- Data extract:
================================
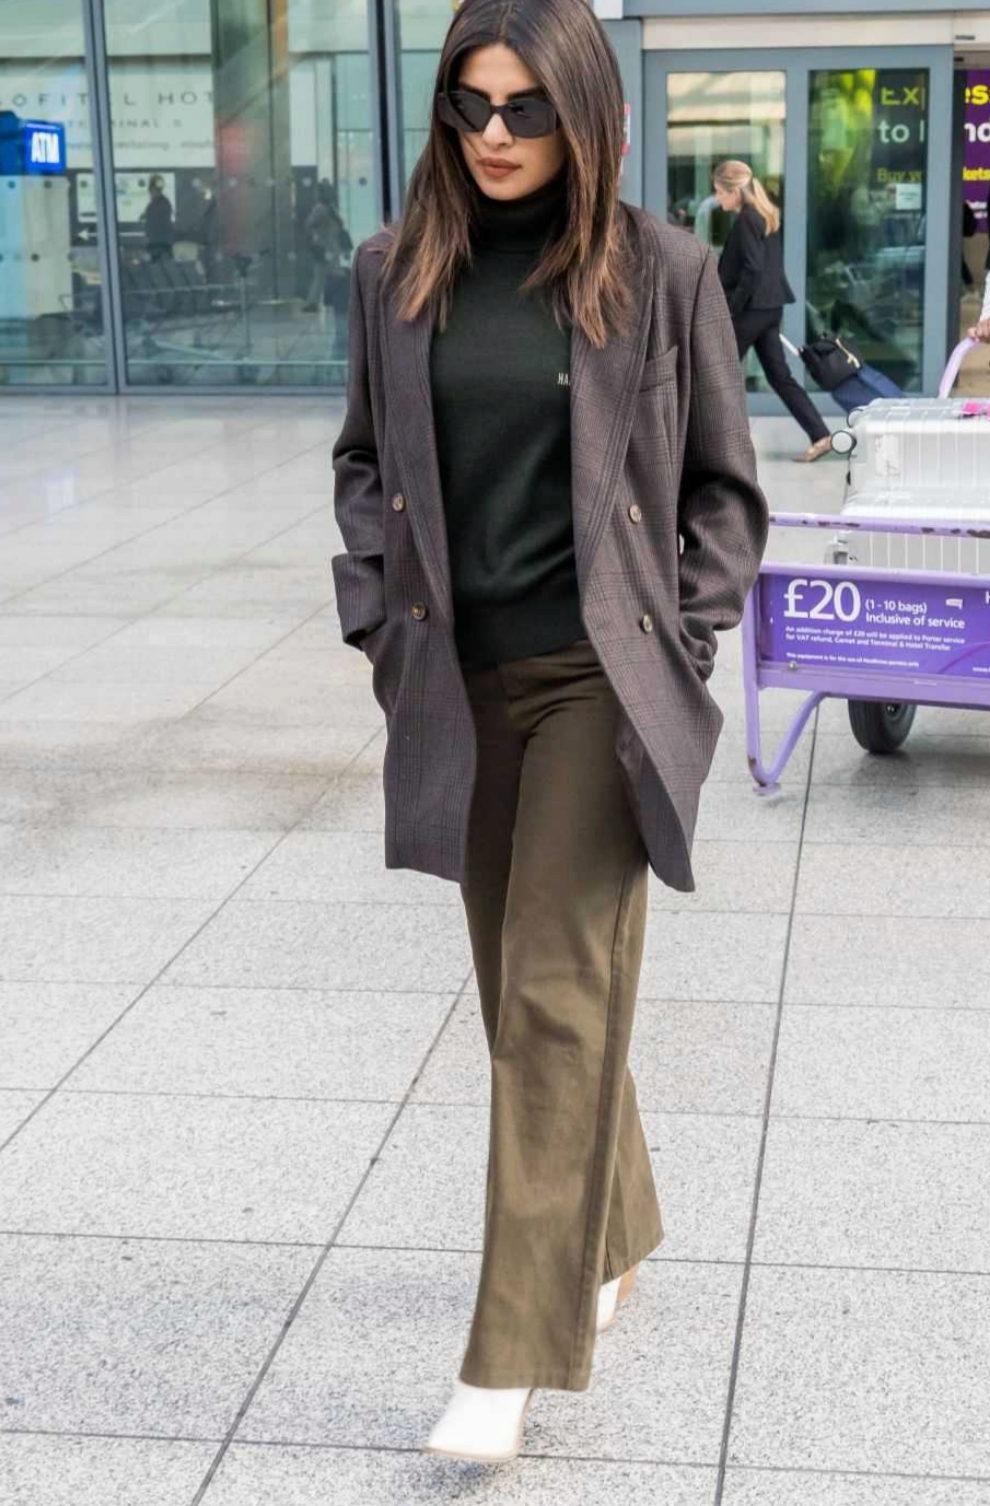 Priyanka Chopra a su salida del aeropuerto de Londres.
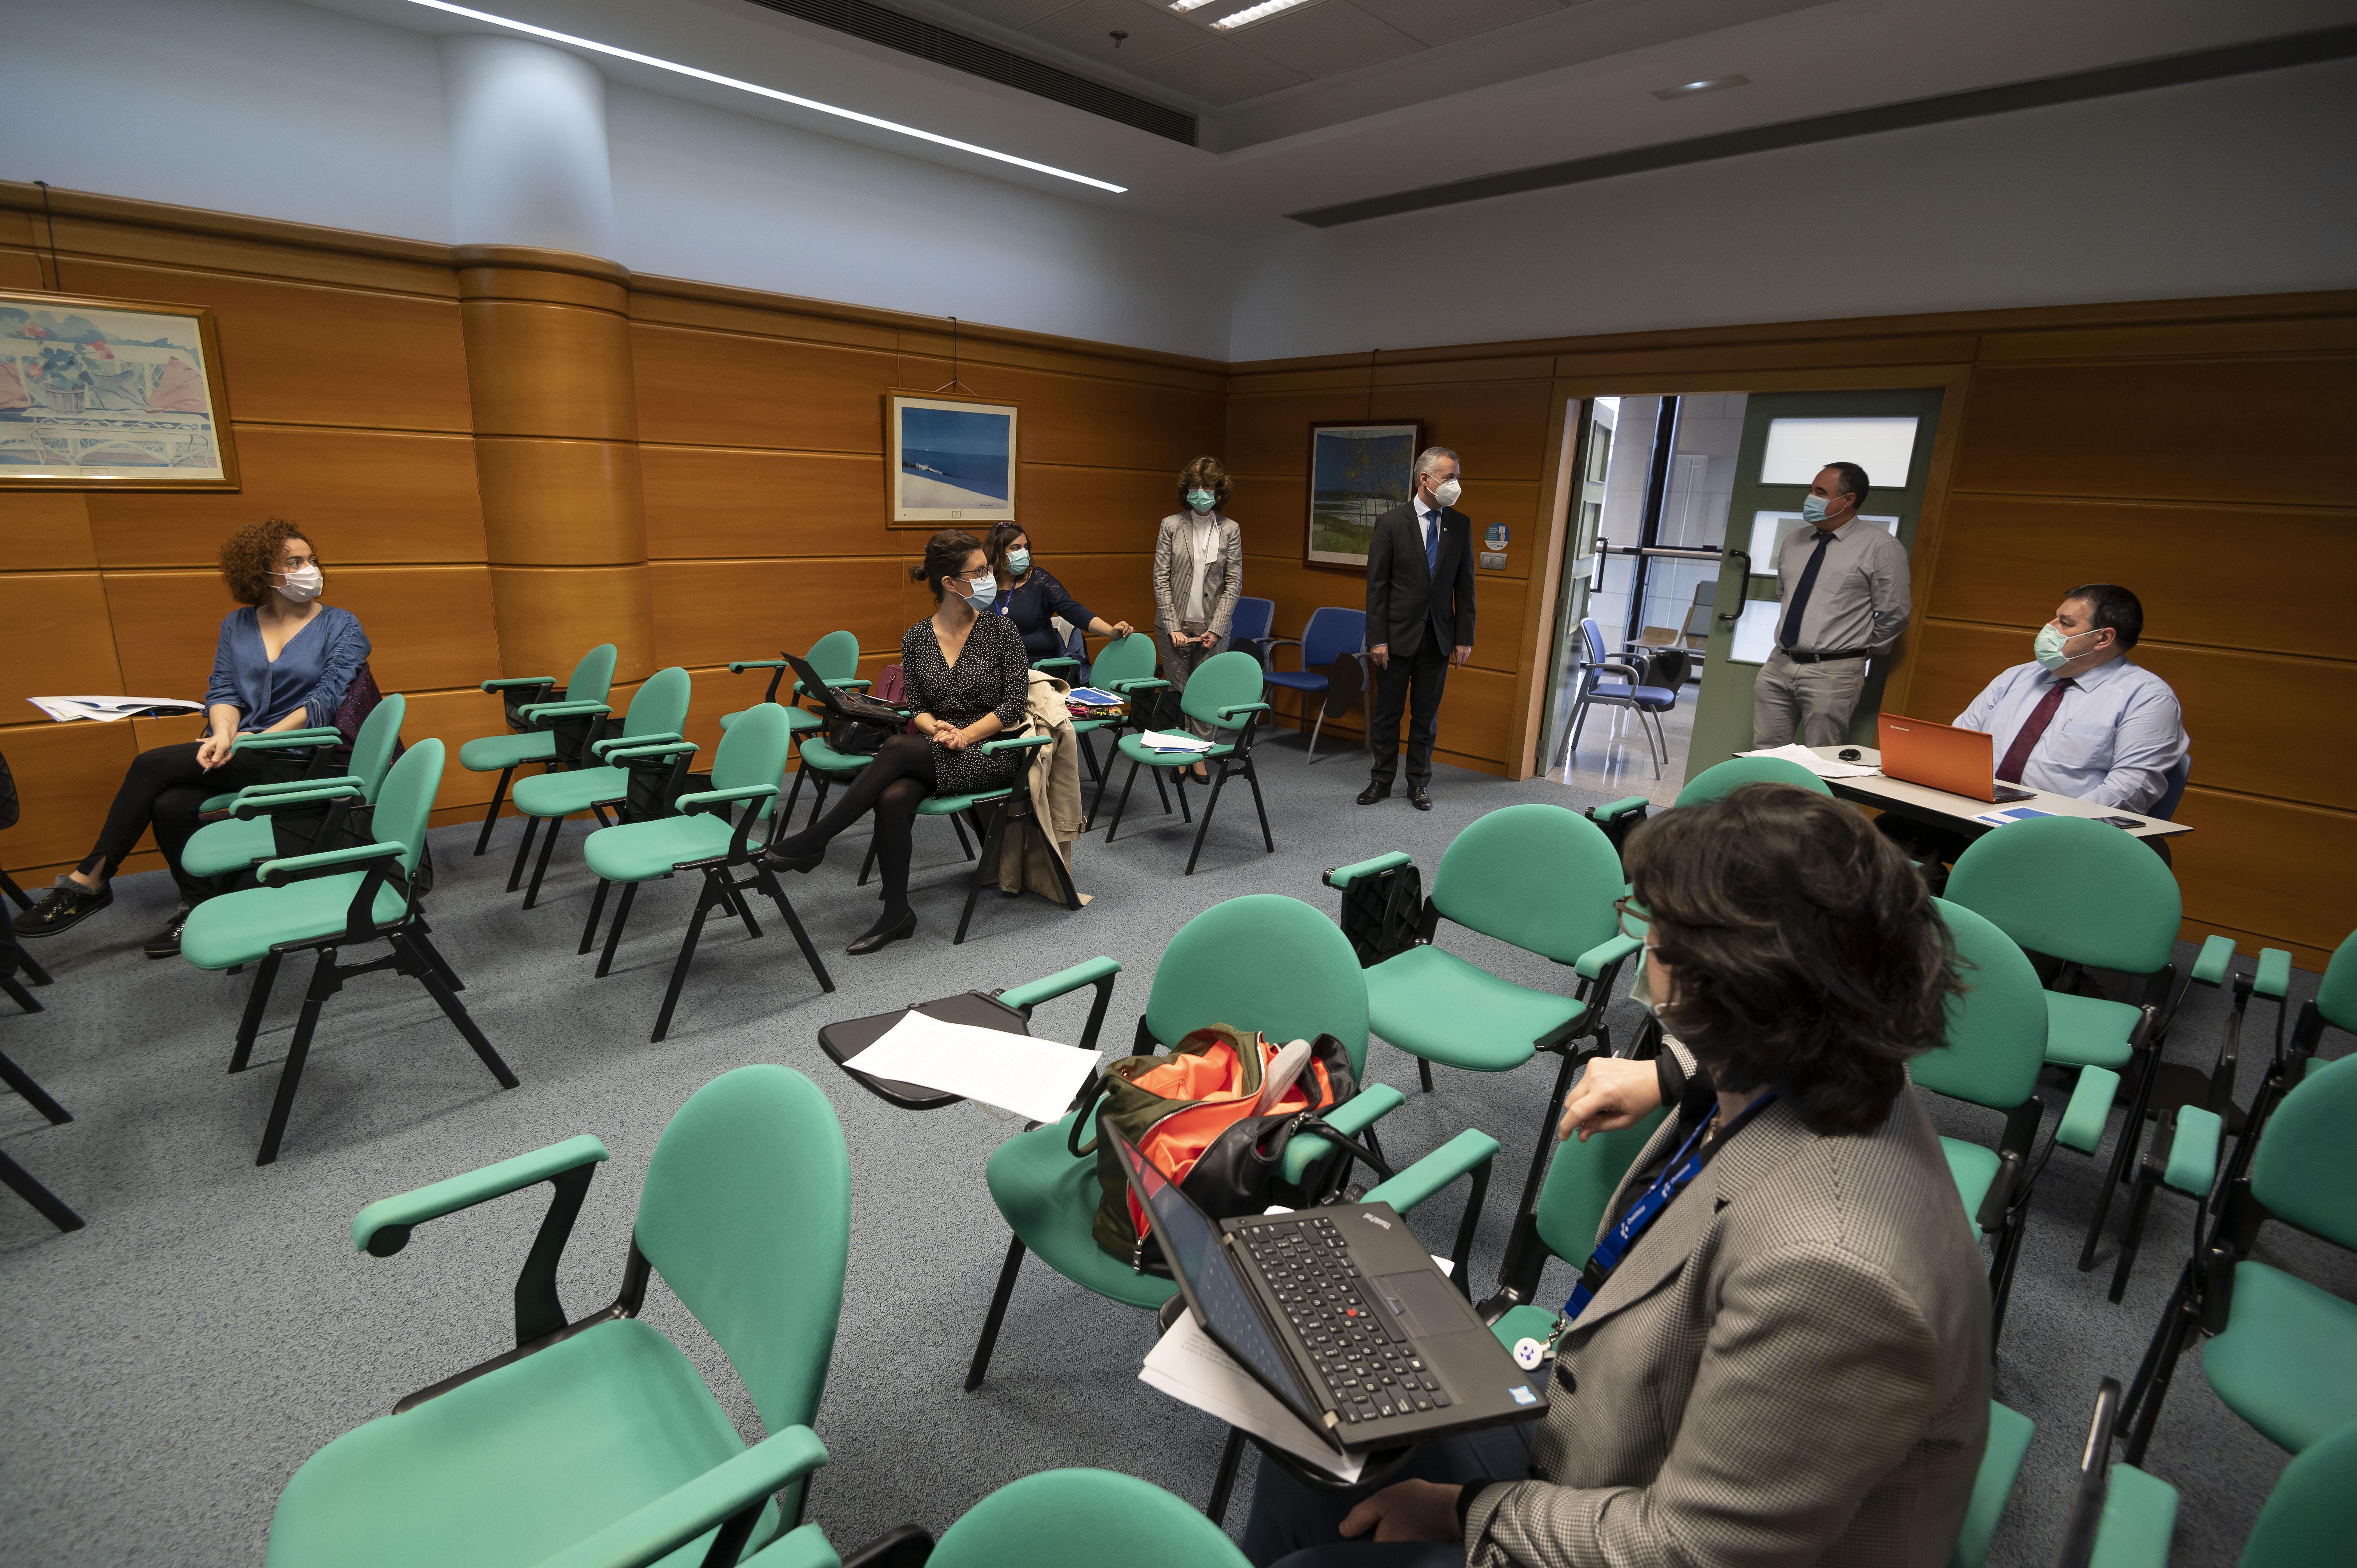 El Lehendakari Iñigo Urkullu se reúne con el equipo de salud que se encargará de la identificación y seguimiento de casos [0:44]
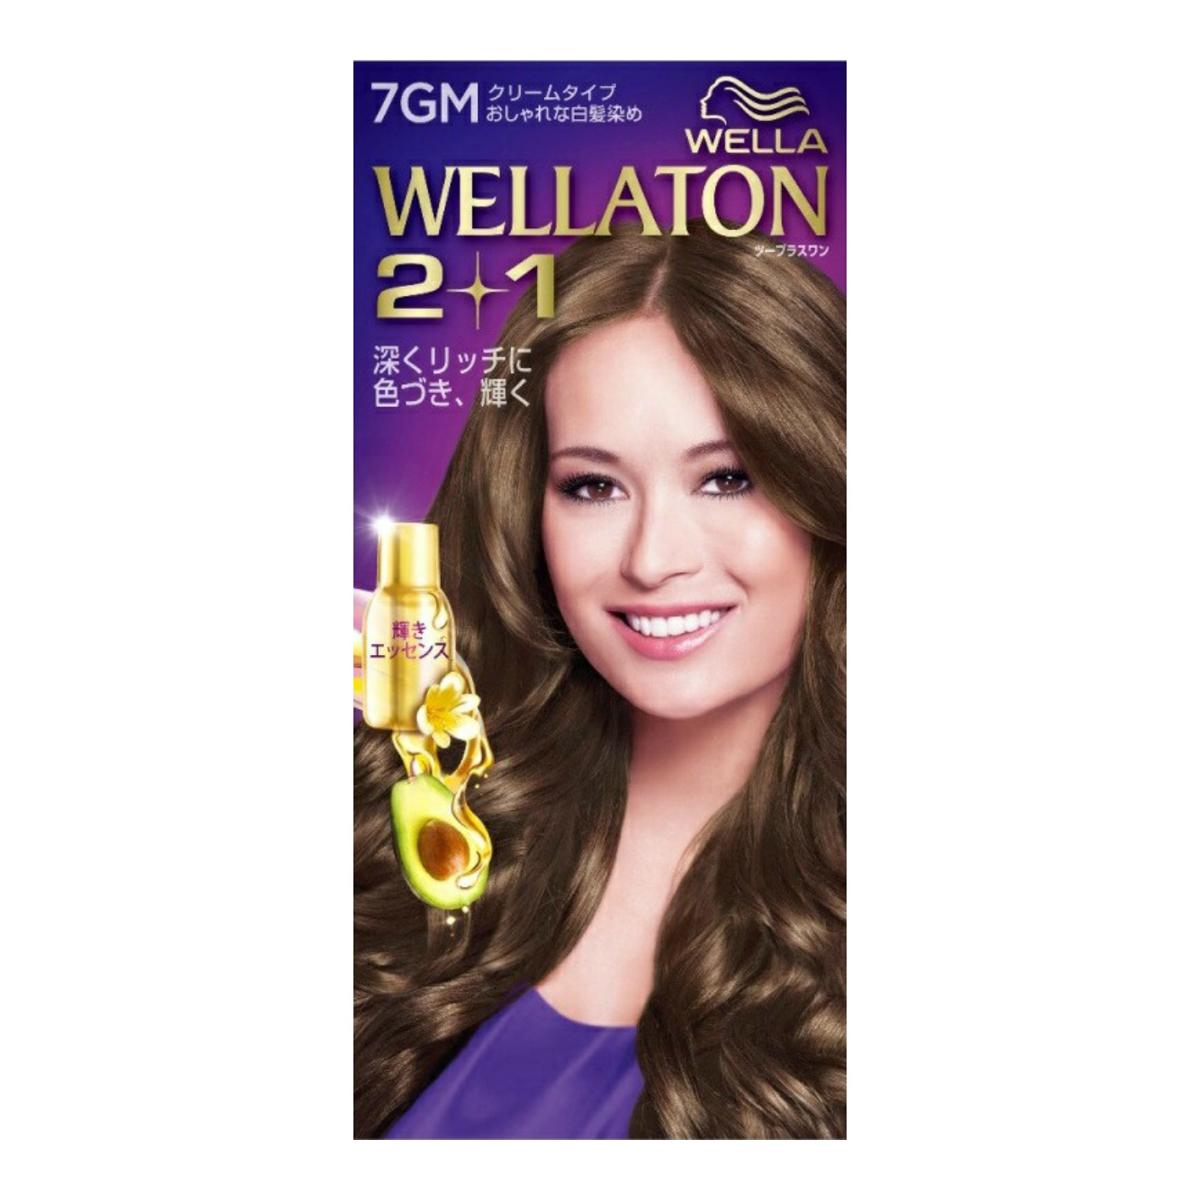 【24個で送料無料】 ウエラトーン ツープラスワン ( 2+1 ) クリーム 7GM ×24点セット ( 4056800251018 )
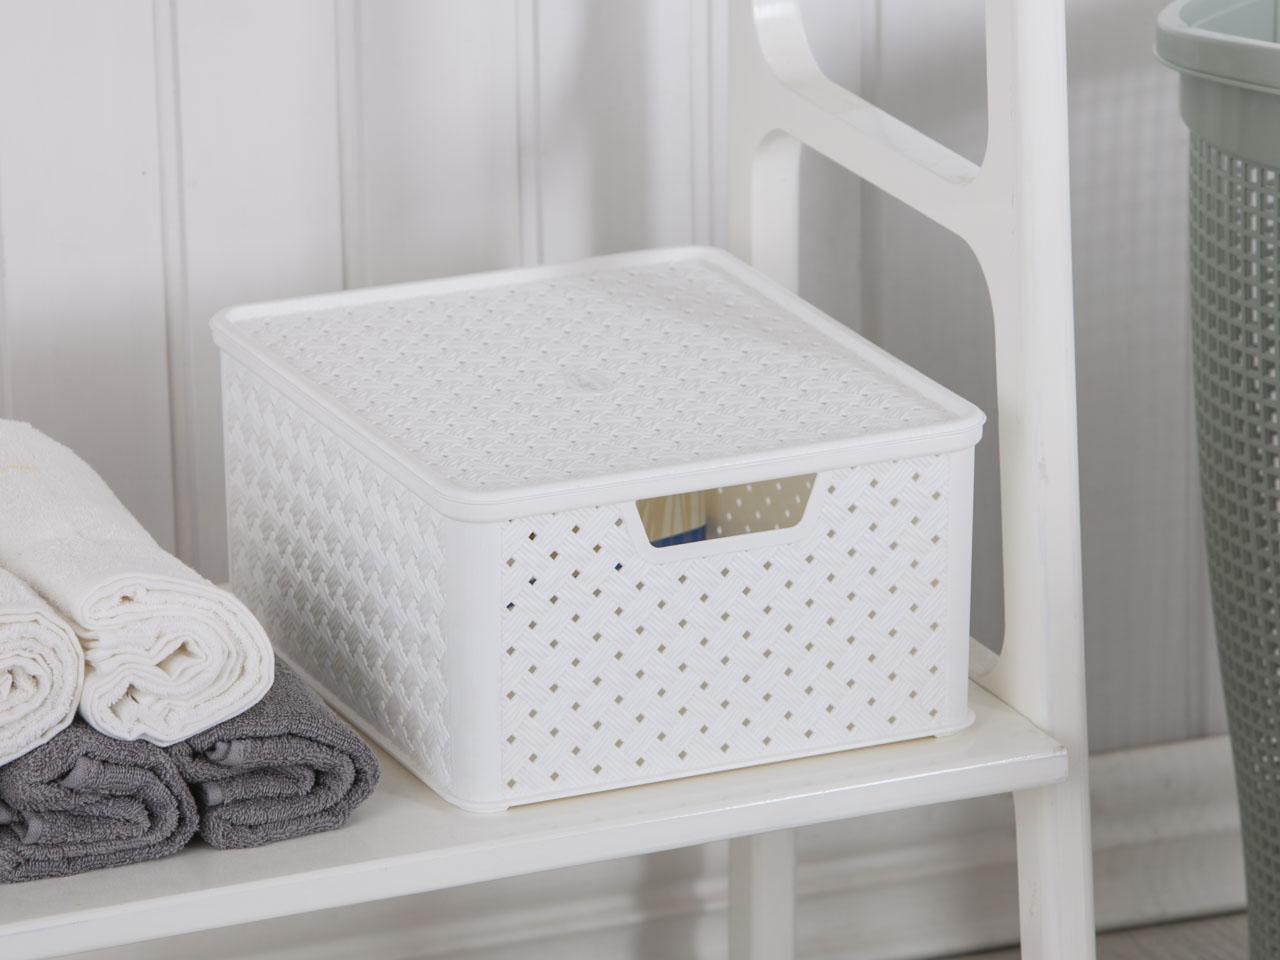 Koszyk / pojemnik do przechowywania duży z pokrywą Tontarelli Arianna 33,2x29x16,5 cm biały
================================
- Exercise details: Your copy should match the data exactly, apart from the images, which are dropped.

- Completed exercise:
 Priyanka Chopra a su salida del aeropuerto de Londres.
 El Lehendakari Iñigo Urkullu se reúne con el equipo de salud que se encargará de la identificación y seguimiento de casos [0:44]
 【24個で送料無料】 ウエラトーン ツープラスワン ( 2+1 ) クリーム 7GM ×24点セット ( 4056800251018 )
 Koszyk / pojemnik do przechowywania duży z pokrywą Tontarelli Arianna 33,2x29x16,5 cm biały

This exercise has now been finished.